The Ghost of a Machine
Despite an onslaught of new displays, CRTs just won't die
(continued)
But even the largest of the studio-grade CRT-based direct-view HDTV monitors, Sony's BVMA32, measures only 32 inches diagonally, far smaller than a great many of the HDTV fixed-pixel displays already in homes. And while the image it can generate when reproducing HD video can be gloriously realistic — like looking through an open window — its relatively small size can hide defects in the image that may become obvious when enlarged in a home theater. Furthermore, since the BVMA32 costs $42,850, not all studios working on DVDs or HD video can afford one, with the result that many video-quality decisions are made using far less capable devices, all CRT monitors.

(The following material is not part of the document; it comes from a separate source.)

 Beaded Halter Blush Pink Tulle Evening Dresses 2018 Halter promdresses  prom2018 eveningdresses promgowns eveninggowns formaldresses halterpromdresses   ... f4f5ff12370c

The research and development of all the major video-codec systems (MPEG-2, MPEG-4/H.264, and VC-1) used in DVD or high-definition media were conducted with images monitored on CRTs. Crucial decisions as to how these systems work, especially in how they're structured to minimize the visibility of encoding artifacts, were made using CRTs. So while it's hard to find an explicit expression of CRT technology in these video codec systems, their very architectures and operation were influenced by CRT characteristics, for good or ill.

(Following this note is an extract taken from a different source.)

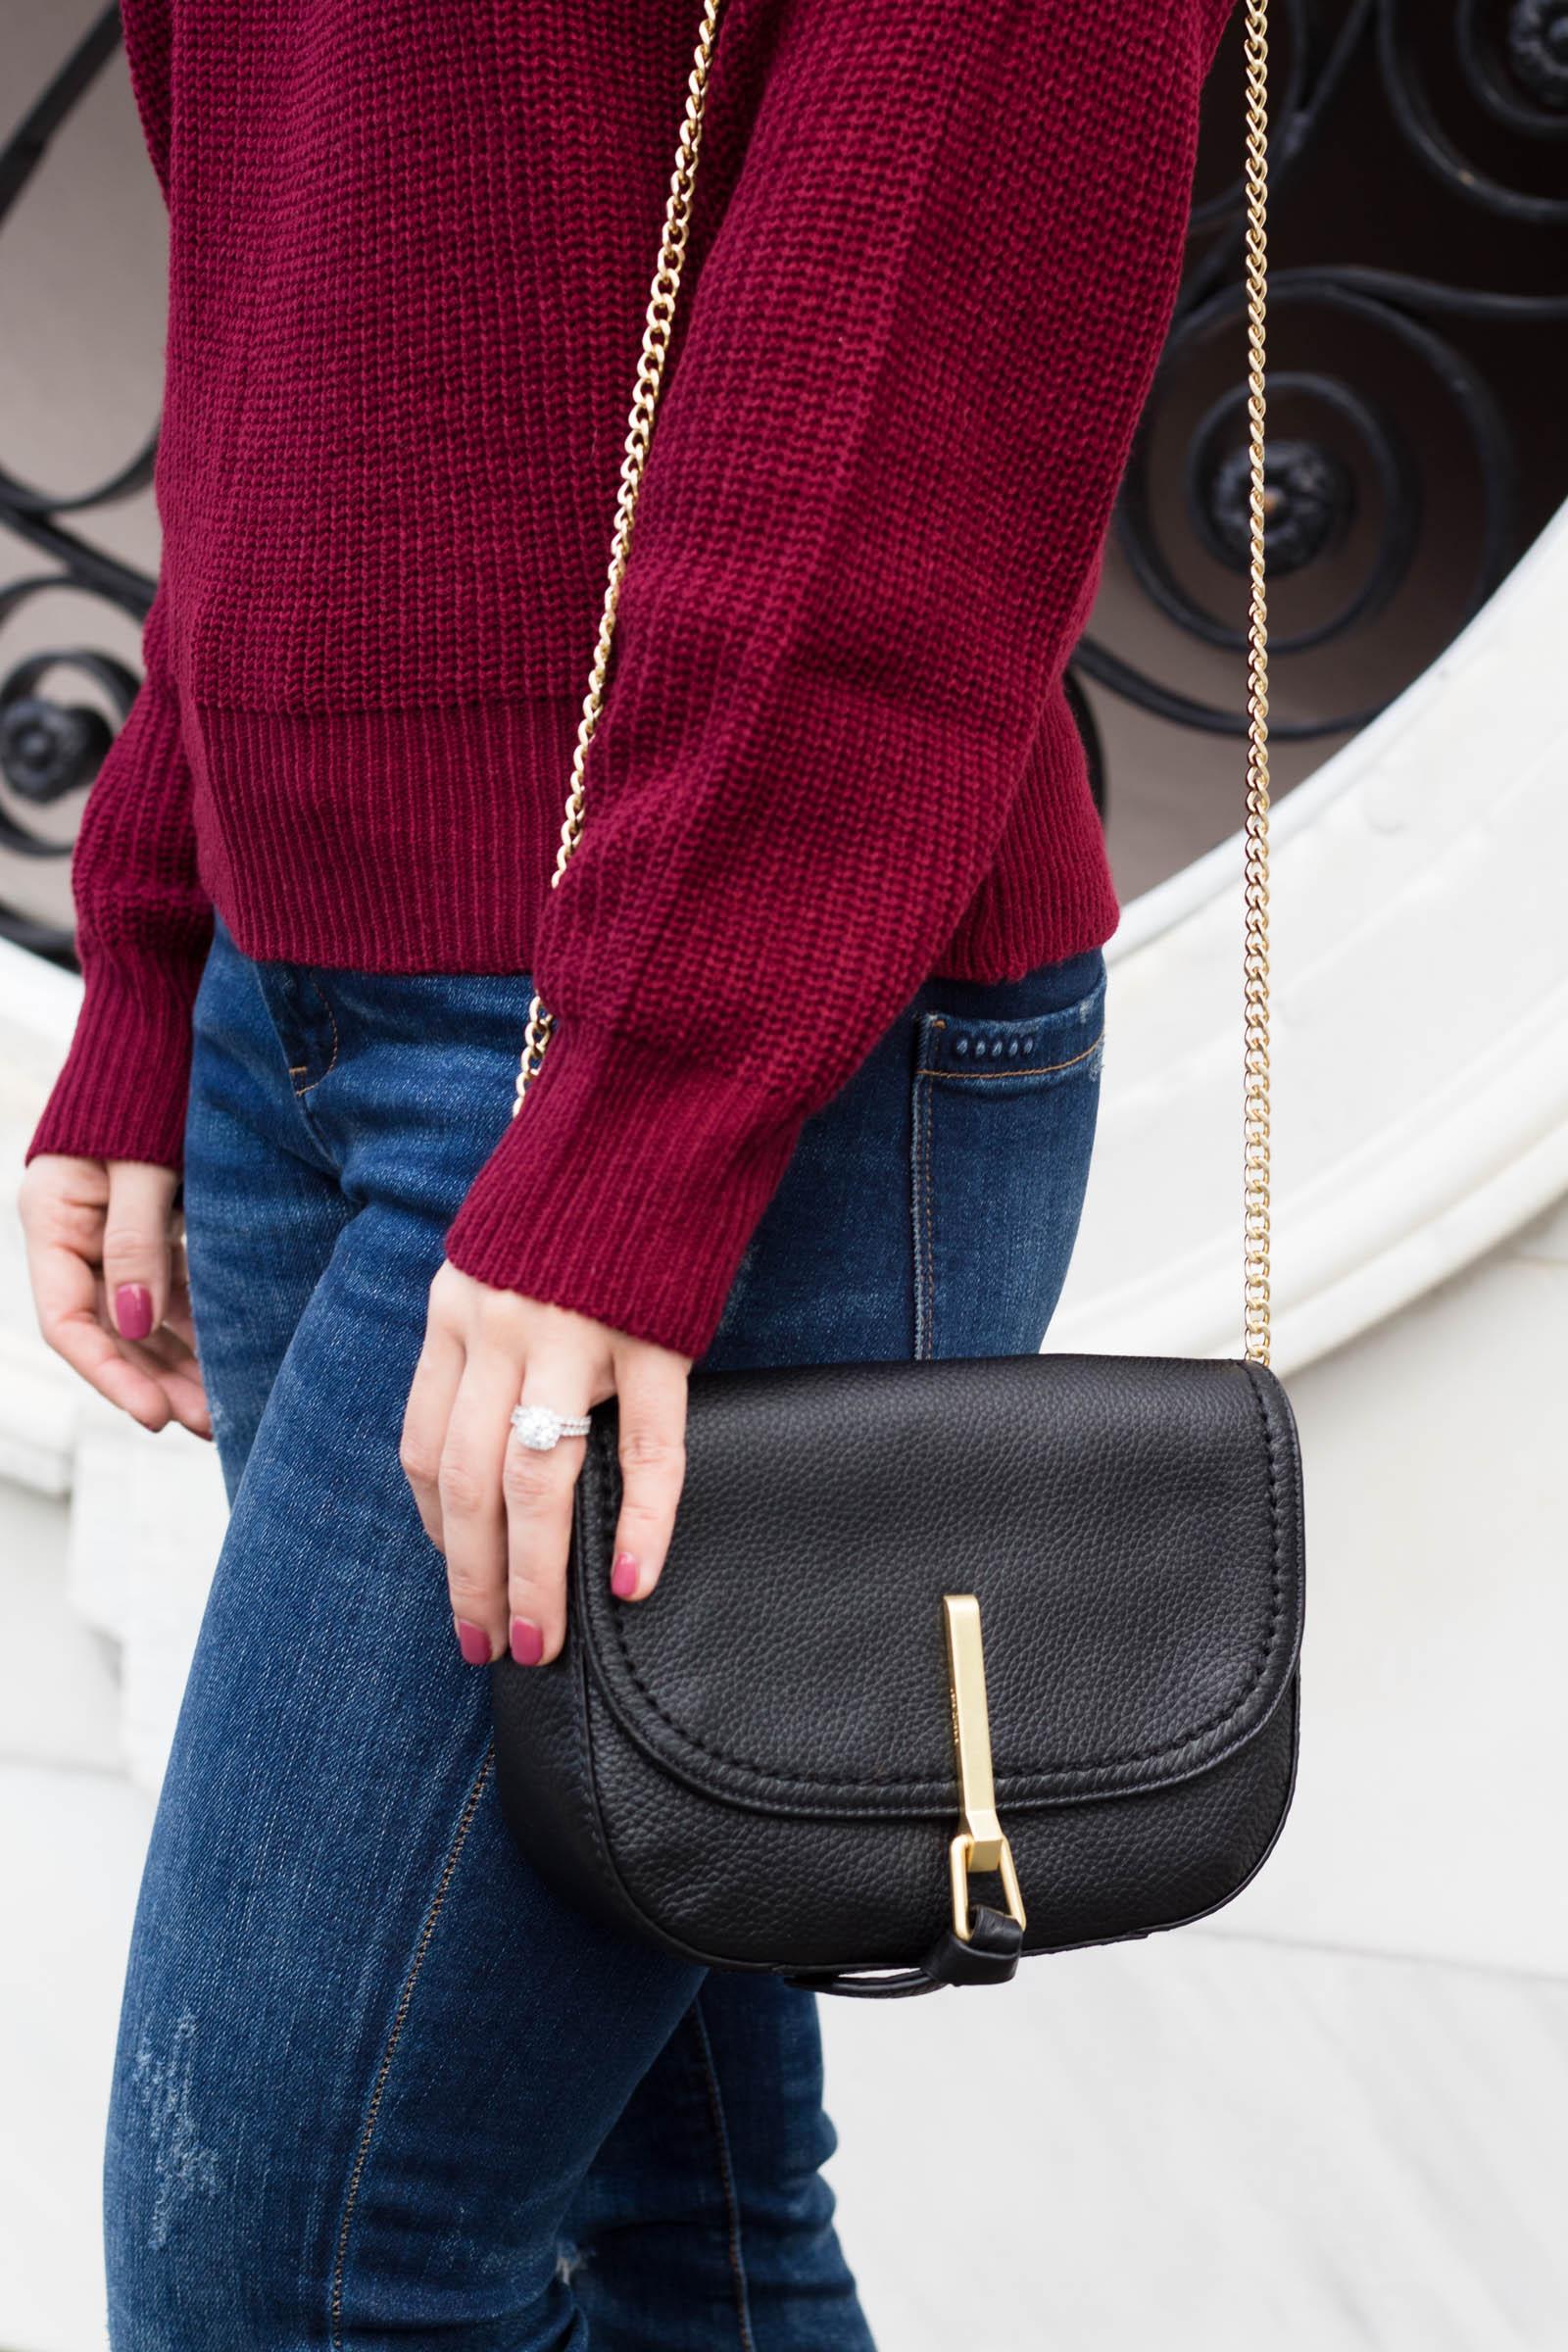 vera bradley carson mini saddle bag, black crossbody bag

This only starts to become a problem when you watch media at home. To the extent that your monitor or TV deviates from CRT-like size and visual behavior, you may see increasing problems with an image that looked fine when it left the mastering studio. I've found encoding artifacts such as mosquito noise and blocking to be more visible with fixed-pixel technologies than they are with CRTs of the same size, at least with material of DVD resolution.
What the pro-video folks desperately need is a fixed-pixel technology that produces very large, CRT-like images. Zworykin seems to have been prescient when he wrote 66 years ago: "Today, owing largely to the advent of cathode-ray television systems, a recognizable picture can be taken for granted, and the problem is one of obtaining a high-definition picture."